Pictures r worth a thousand words , the lingo for most would not Be understood ? I was told u have to remove all4 pieces on the new kd drivers ,how do u cut them? Too small ,it was not too hard to heat up and pull at same time to remove?which ones are u saying to cut ?

Take that driver (or look at a photo),
locate the letters "L3AD4S" written on it,
it's the pin directly above the letters "AD".
(That's the third one counted from the little dent on the chip.)

Cut it with some fine cutting pliers - or something else.
(Damaging the neighbour pins won't be a problem.)

So the one I removed are wrong? Will the way I did it not work now?

You misunderstood me; it's ok to remove the µC completely, like you did.

But it's much more easy to just cut that one pin instead.

I love that extreme close-up. It appears that there is a trace link to both sides of the board above and a bit to the right of yellow pin #2 that connects the "pink" pins of the 7135 on both sides of the board together. I'm thinking that after soldering the led neg wire to each board you could solder a piece of resistor lead as a link to one of the boards in that hole and then stack them up, threading each board onto the wire and resoldering the link wire as you add each board. Heat sinking could be improved by potting each layer with Fujik, then AA a copper disk between each board with a hole for the link wire. Improved sinking might open up options for those wanting to mod older lights that have 6v lantern batteries. In general I use potting to help take the strain from wire links so that they don't break during testing and assembly. It also helps avoid other soldering problems. If this idea works it would make it easier to make a compact sandwich, even with the added copper.

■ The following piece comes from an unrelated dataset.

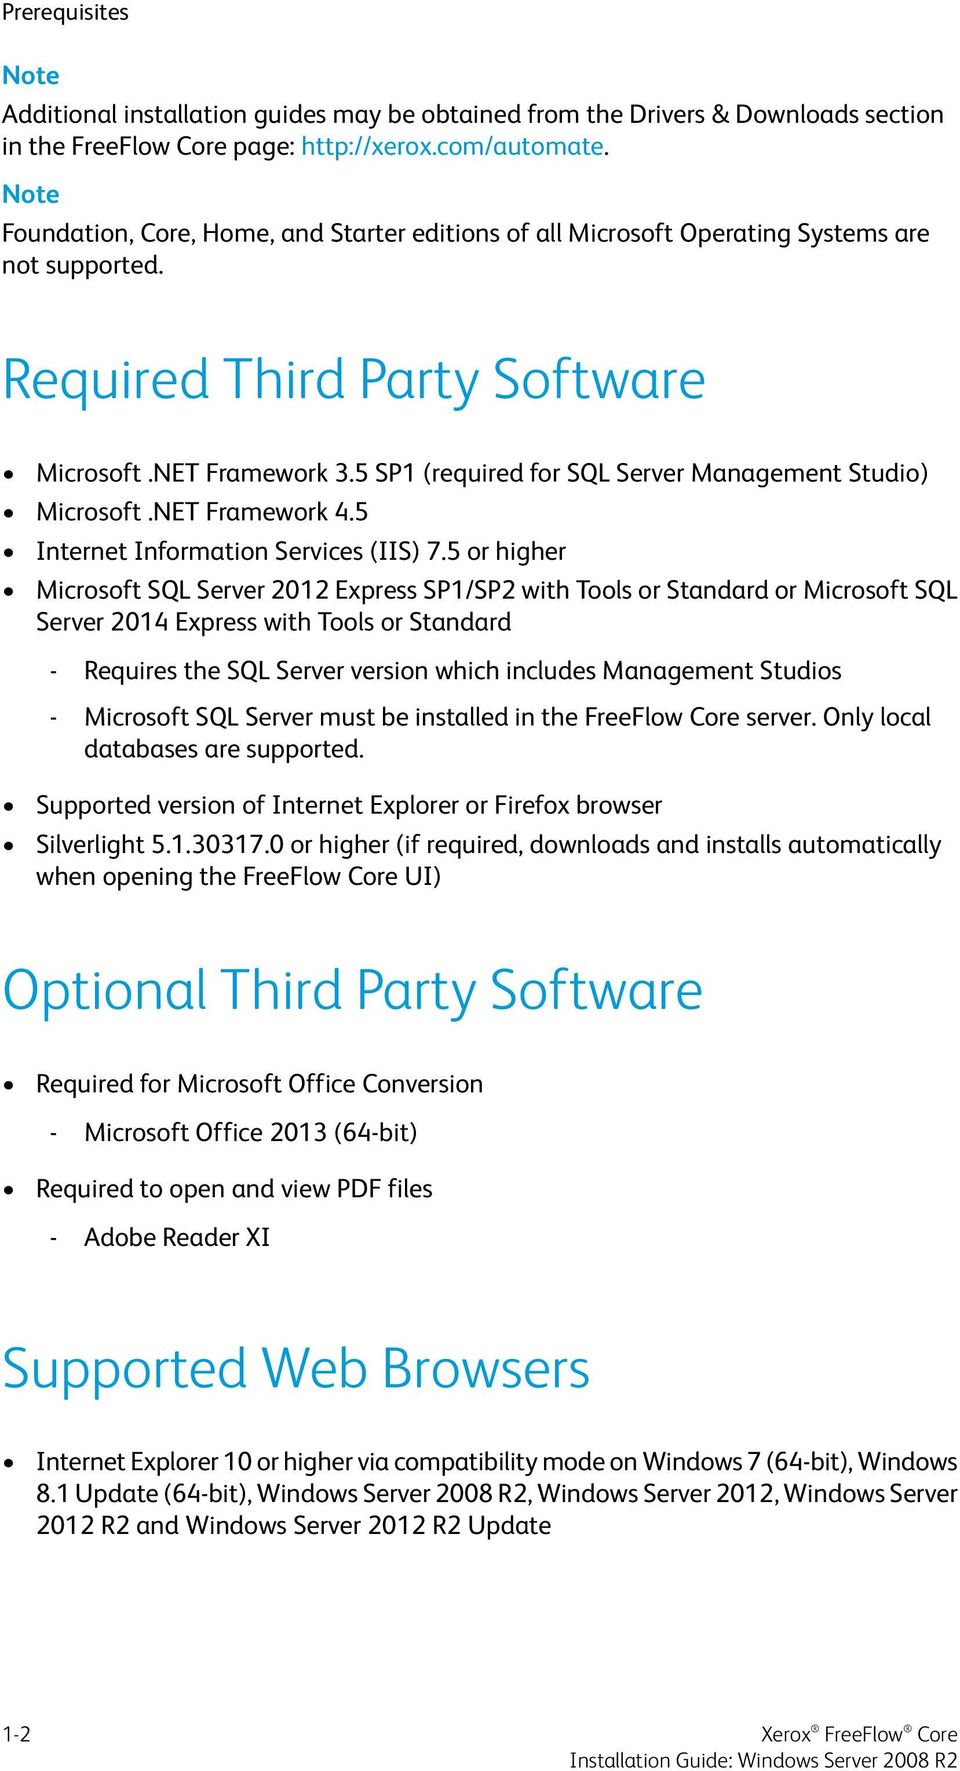 5 SP1 (required for SQL Server Management Studio) Microsoft.NET Framework 4.5 Internet Information Services (IIS) 7.

Does anyone know if a reason this wouldn't work?

Scott

Just saw this thread and want to point out that in both Old-Lumens drawing and my original drawing above, there's one important thing missing... the ground wires that connect the slave boards to ground. Without those, LEDs 2 and 3 won't light. Here's the modified drawing:

Even better, here's a mod to the method above, whereby only the low current required to operate the micro controller goes through the switch, but not the high current for the LEDs. In this method, the regulators are operated by the mcu like a low current switch can be used to operate a FET or a solenoid switch. By doing this, the switch resistance is eliminated, thereby reducing parasitic resistance and increasing regulated runtime:

You can use any number of regulators and LEDs. The pic above shows 4-4, but 2-2 or 3-3 or even 5-5, 6-6, etc. would work the same way. Note that bypassing the switch to eliminate resistance is great for 3 cells or 4 weak cells, but I actually had to improve regulator heatsinking and add resistance back in when using 4 powerful cells and 4 tightly stacked regulators to avoid them overheating and throttling back.

I gave up because og 2 didn’t come on, now u have given me hope ,so I will give it another go tech junkie:) I didn’t do those grounds u have now showed :wink: Ty

Techjunkie is the bomb! He is King of all Ashperic XM-L Mag Mods!

I've said it many times-this recipe works great and I've used it on ~a dozen lights now. Next one I do I'll have to try the switch bypass; all of my lights were done before this came up... don't wanna tear my perfectly pimped lights apart now! Ideal as I have a few cut-downs that run on one 26650.

Rich

If you strip a bit of extra wire (1/4") from the switch-master ground wire for each board and use the hole located between the middle amc 7135 chips you can thread the slave boards onto this and the wire link I mentioned above to make a nice neat stack. A piece of cu or alu AA'd between each board to collect heat from the chips buried in the stack. I have some of these boards from illumination supply. I'll see if it works.

Scott

Do you mean like this?

Do you mean like this?

[/quote]

Here's mine for one of my triples:

I haven't used anything between the boards to heatsink but haven't had any problems either. Had to show off a little here!

Rich

Updated the first post with the new photos and information from TJ.